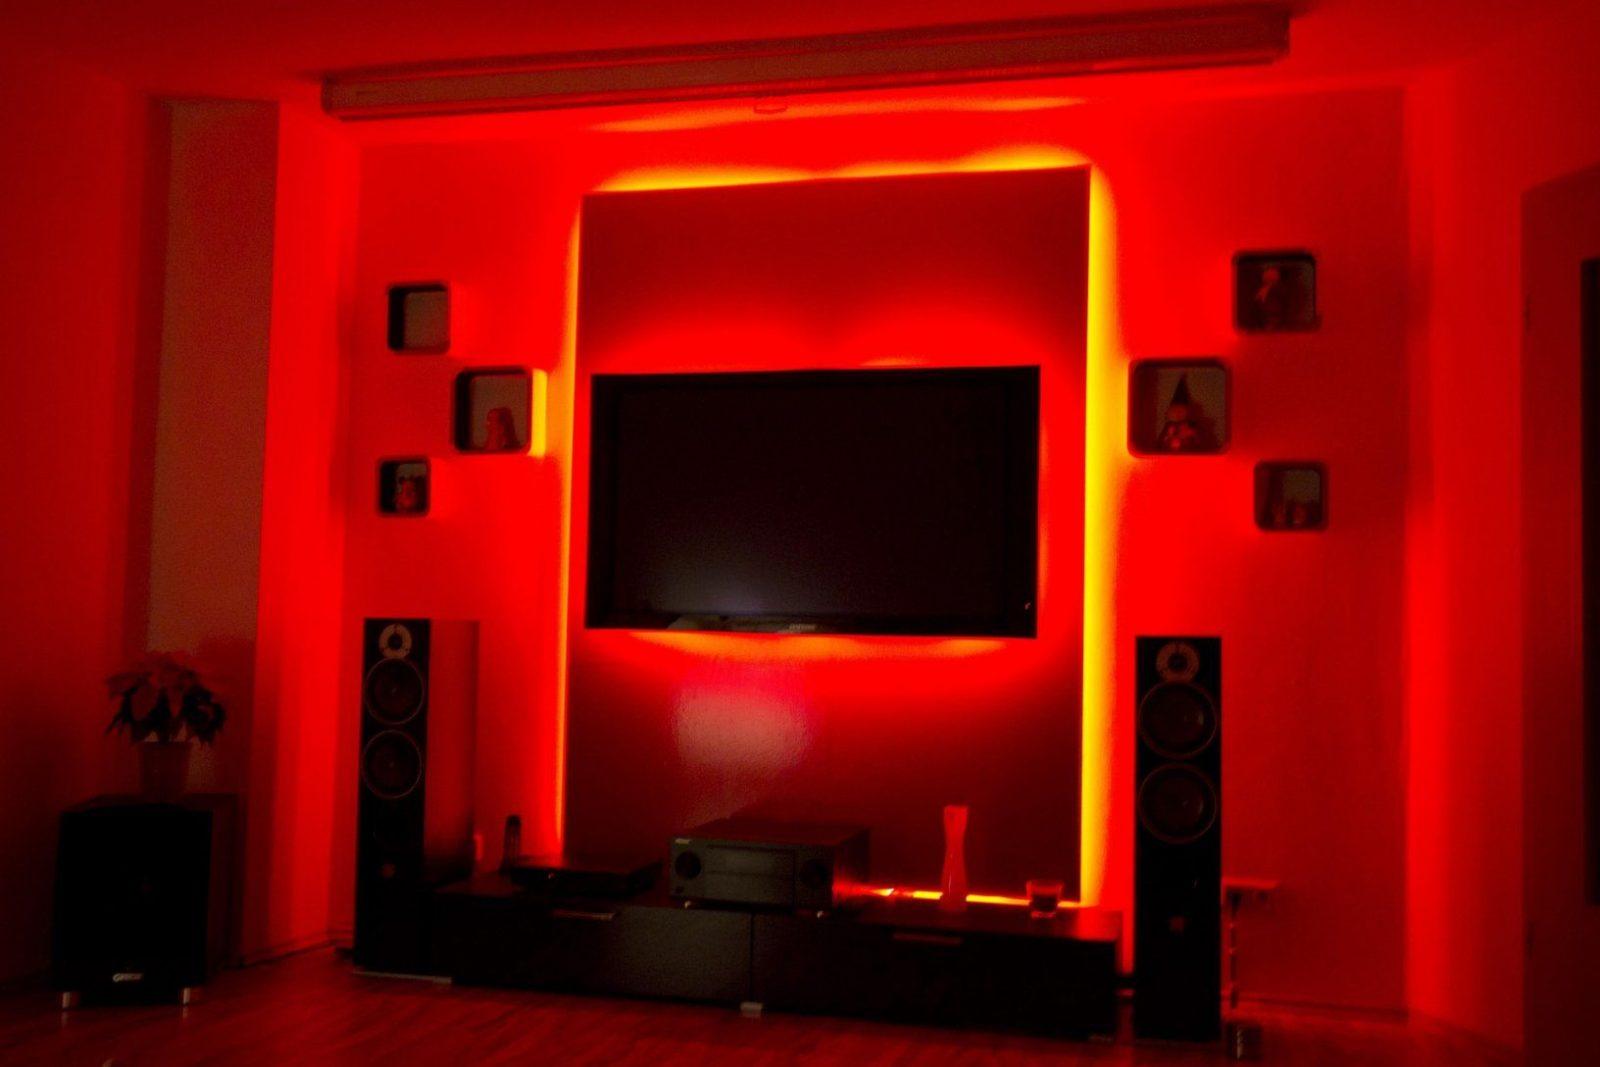 Überraschend Haus Stil Zum Wand Hifi Regal Selber Bauen Beste von Led Wand Selber Bauen Bild
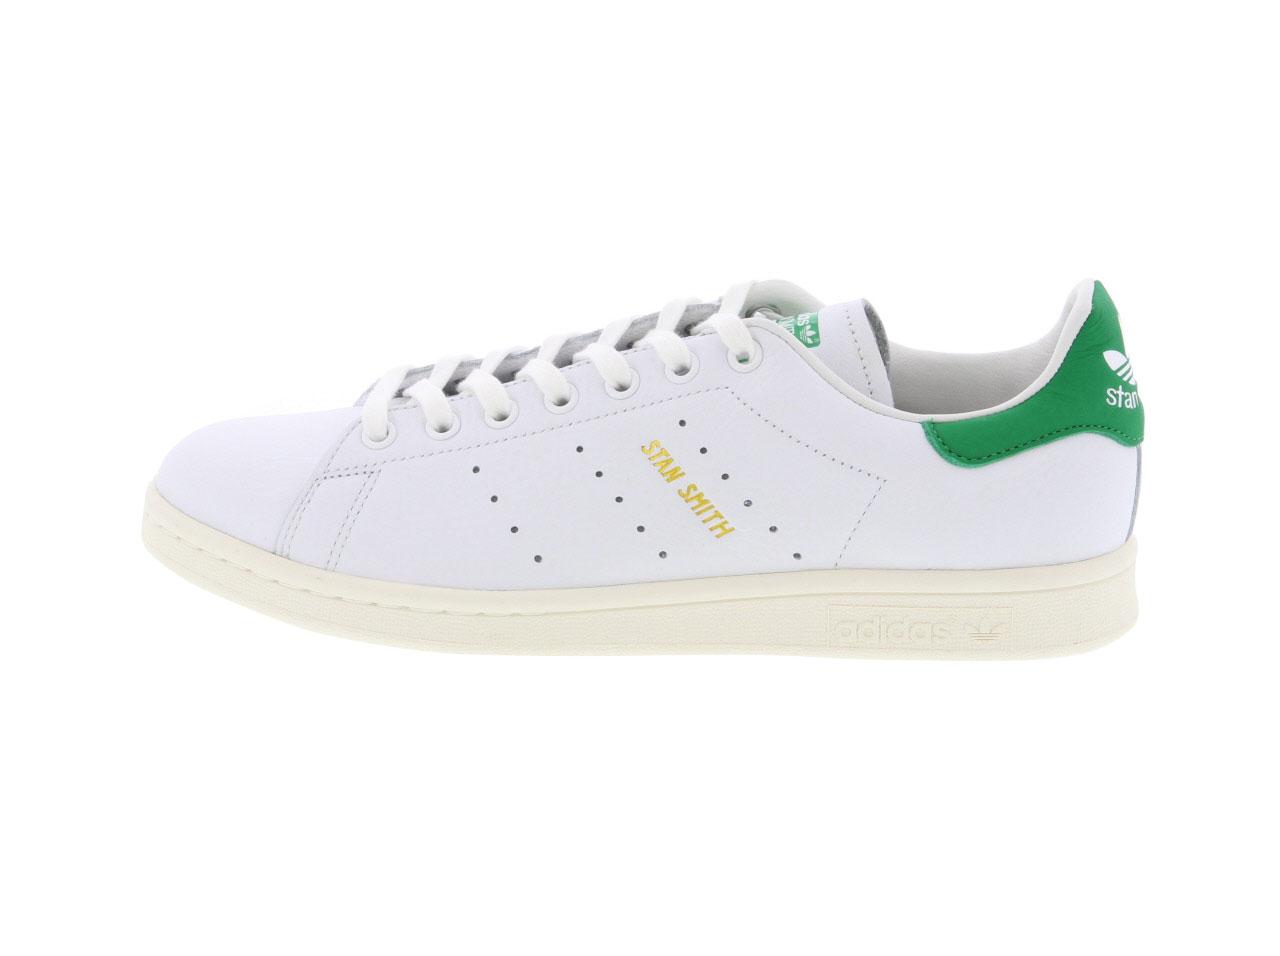 【全品ポイント10倍!期間限定★今すぐエントリー!(4/1~4/30)】【3/8発売】adidas STAN SMITH(EF7508)【アディダス】【メンズファッション】【スニーカー】【シューズ】【靴】【フットウェア】
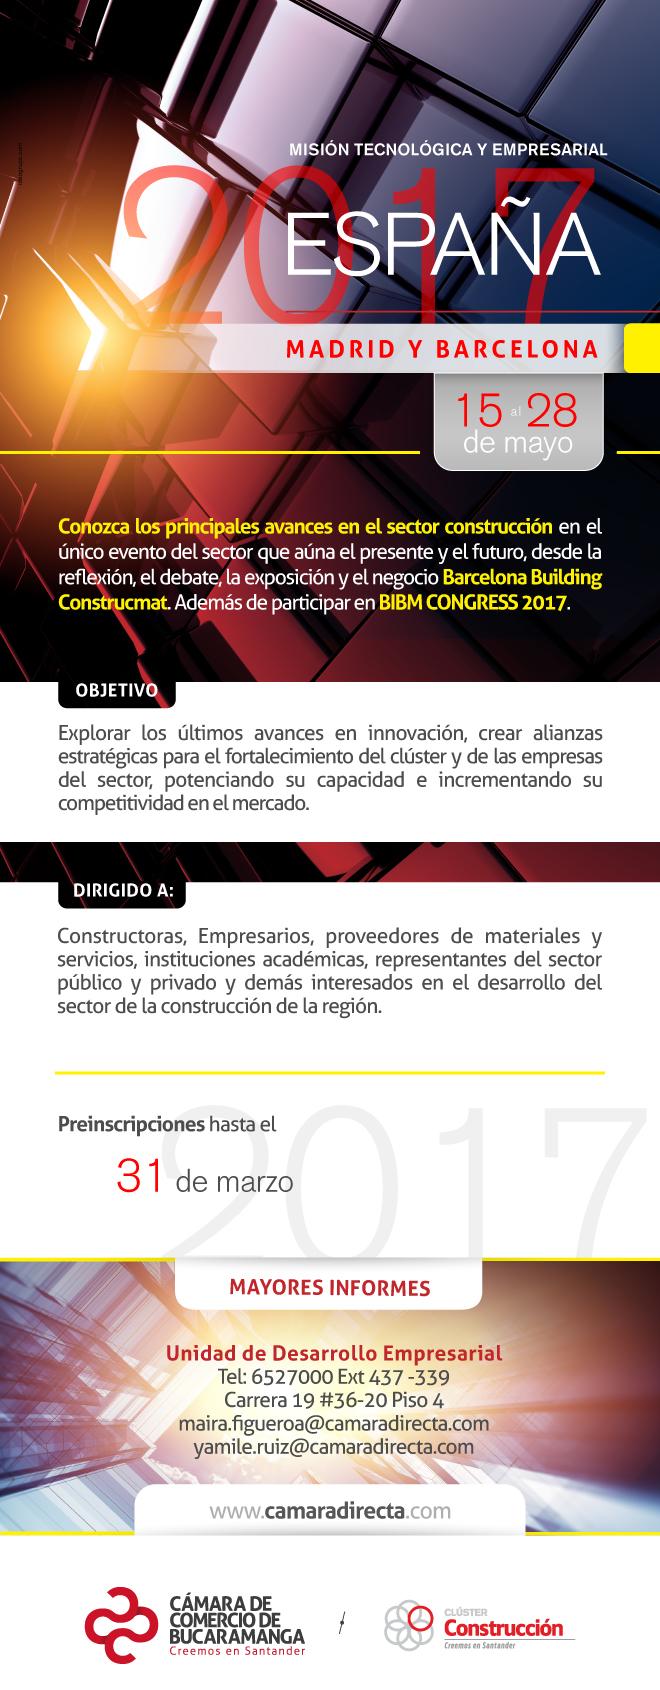 Mision Técnica - Empresarial  Sector Construcción - ESPAÑA 2017
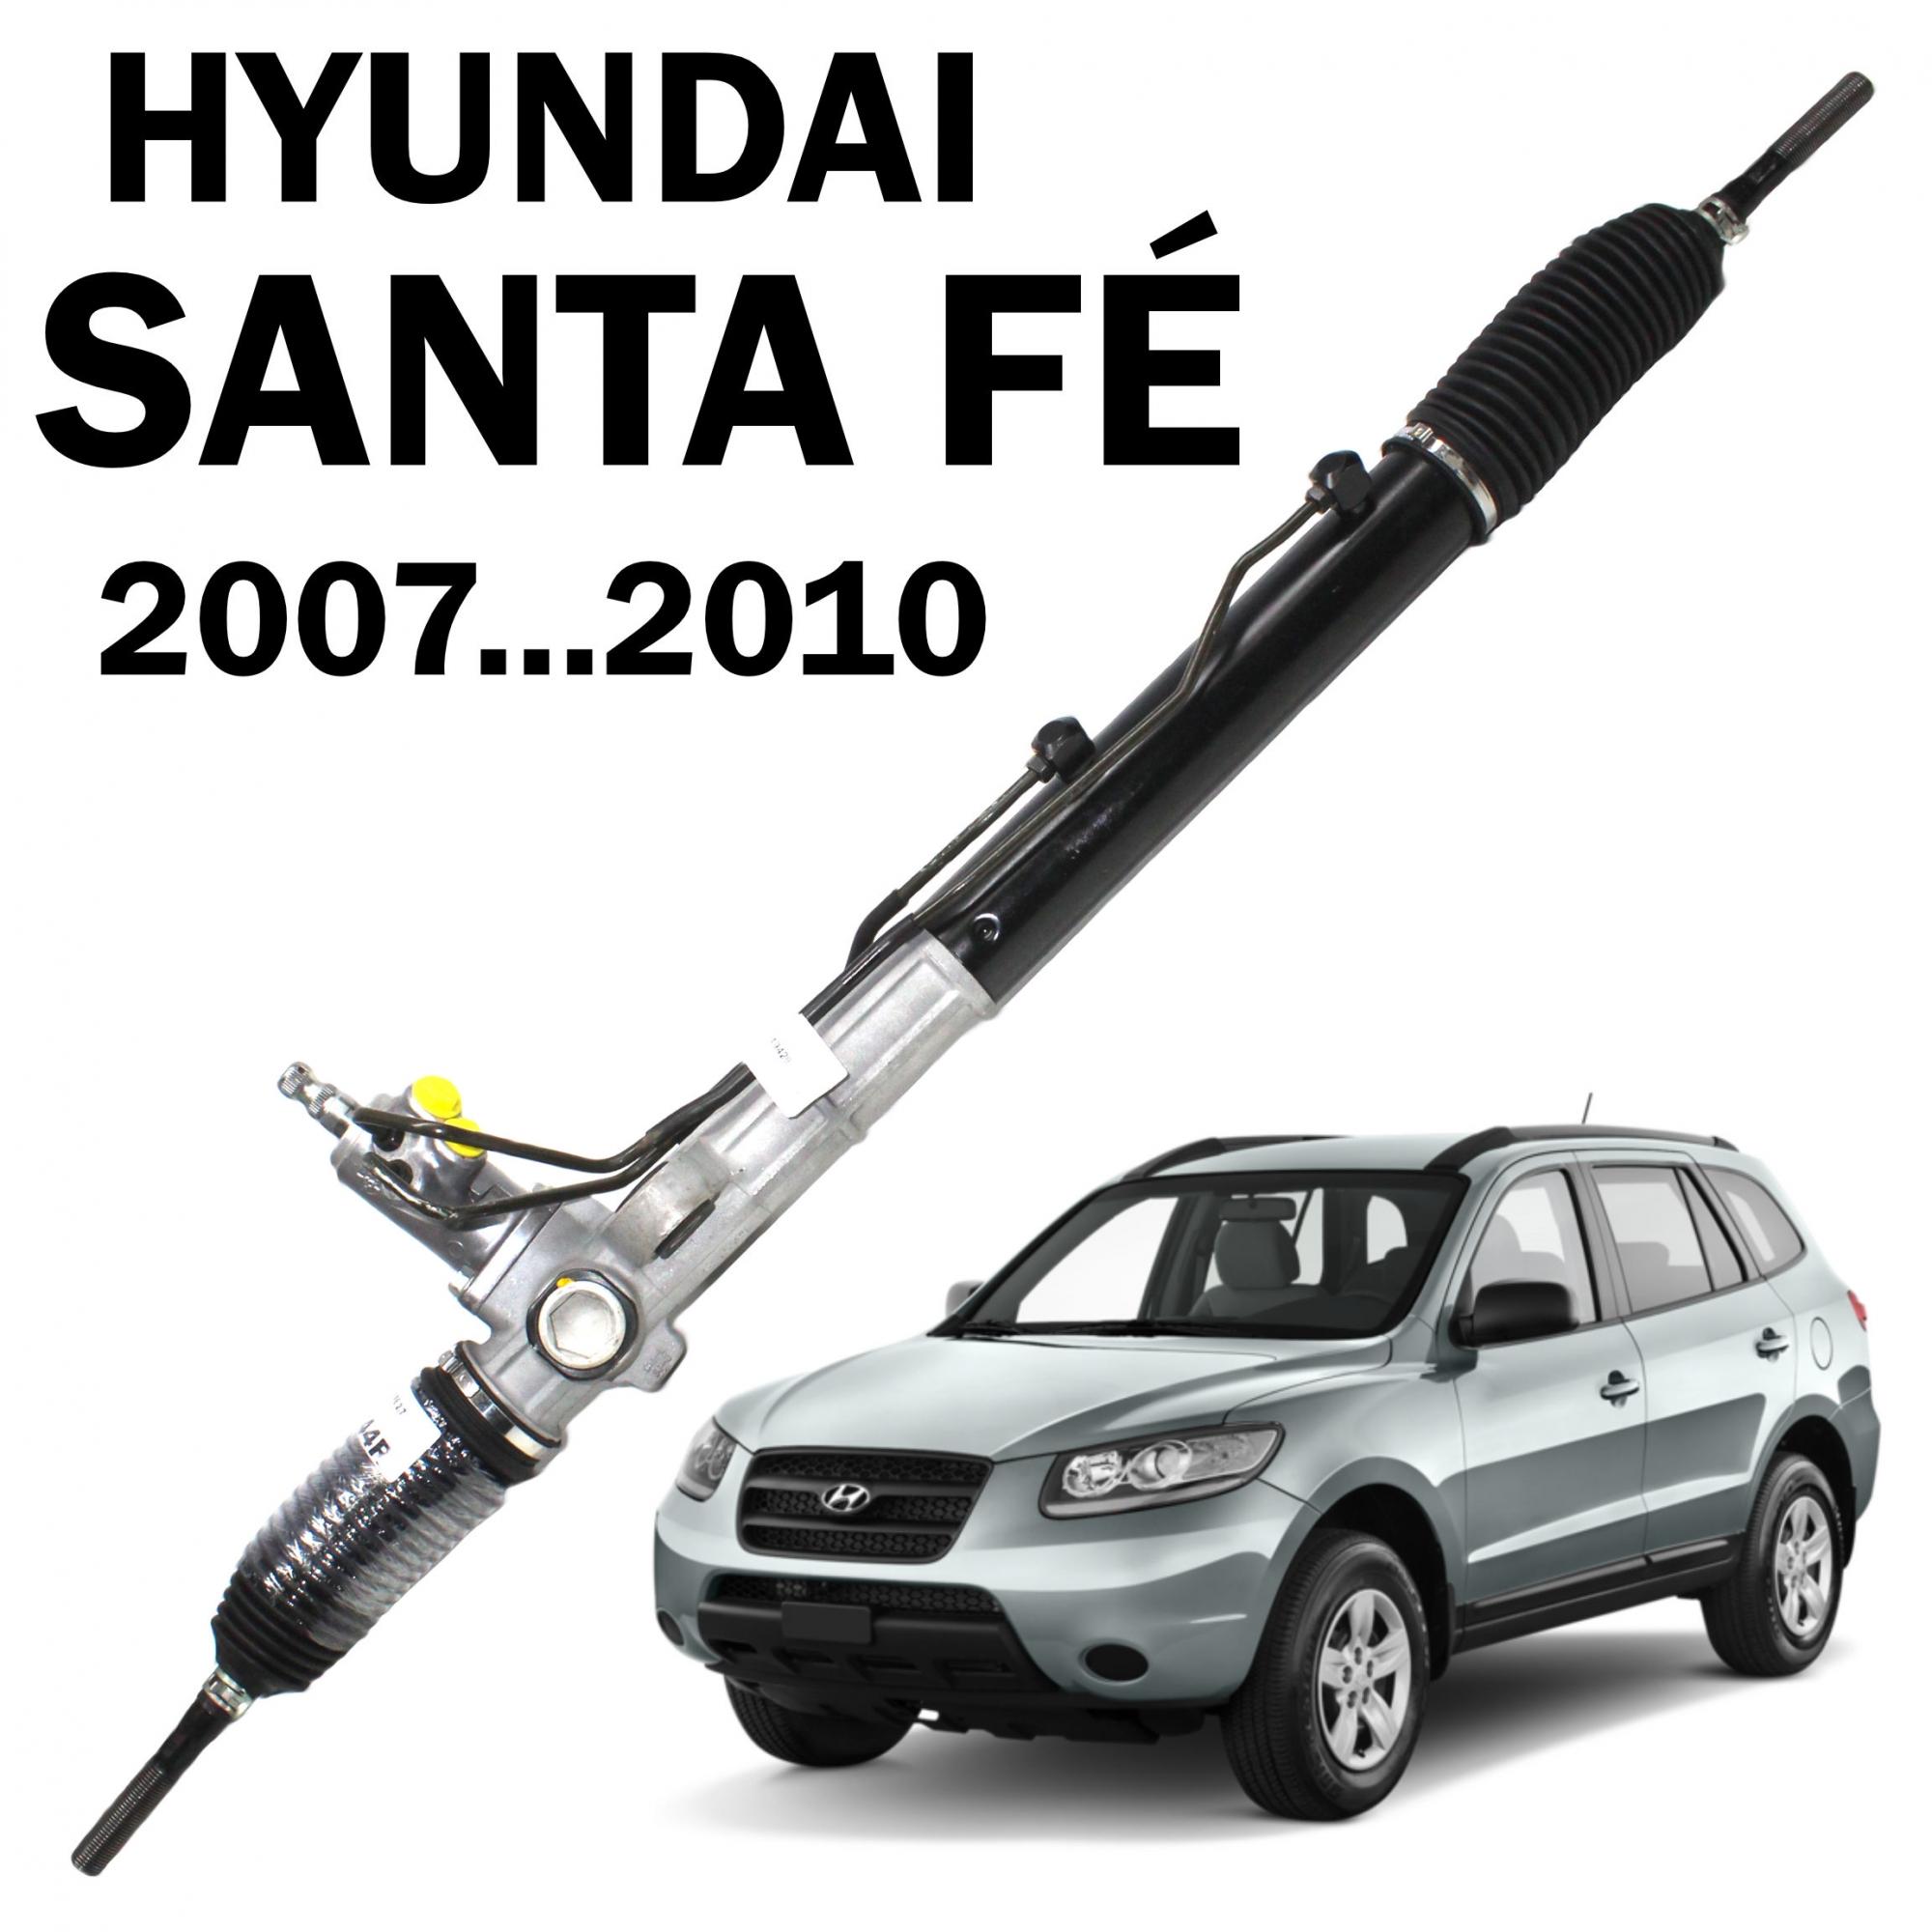 Caixa Direção Hidráulica Hyundai Santa Fé 2.7 2007...2010 57700-2B000

▸ **WHAT TO WORK ON**
Look above for the line containing "Mision Técnica - Empresarial"; output that line and all lines after it through the last one exactly, without the pictures.

▸ **SOLUTION FOR THIS EXERCISE**
 Mision Técnica - Empresarial  Sector Construcción - ESPAÑA 2017
 Caixa Direção Hidráulica Hyundai Santa Fé 2.7 2007...2010 57700-2B000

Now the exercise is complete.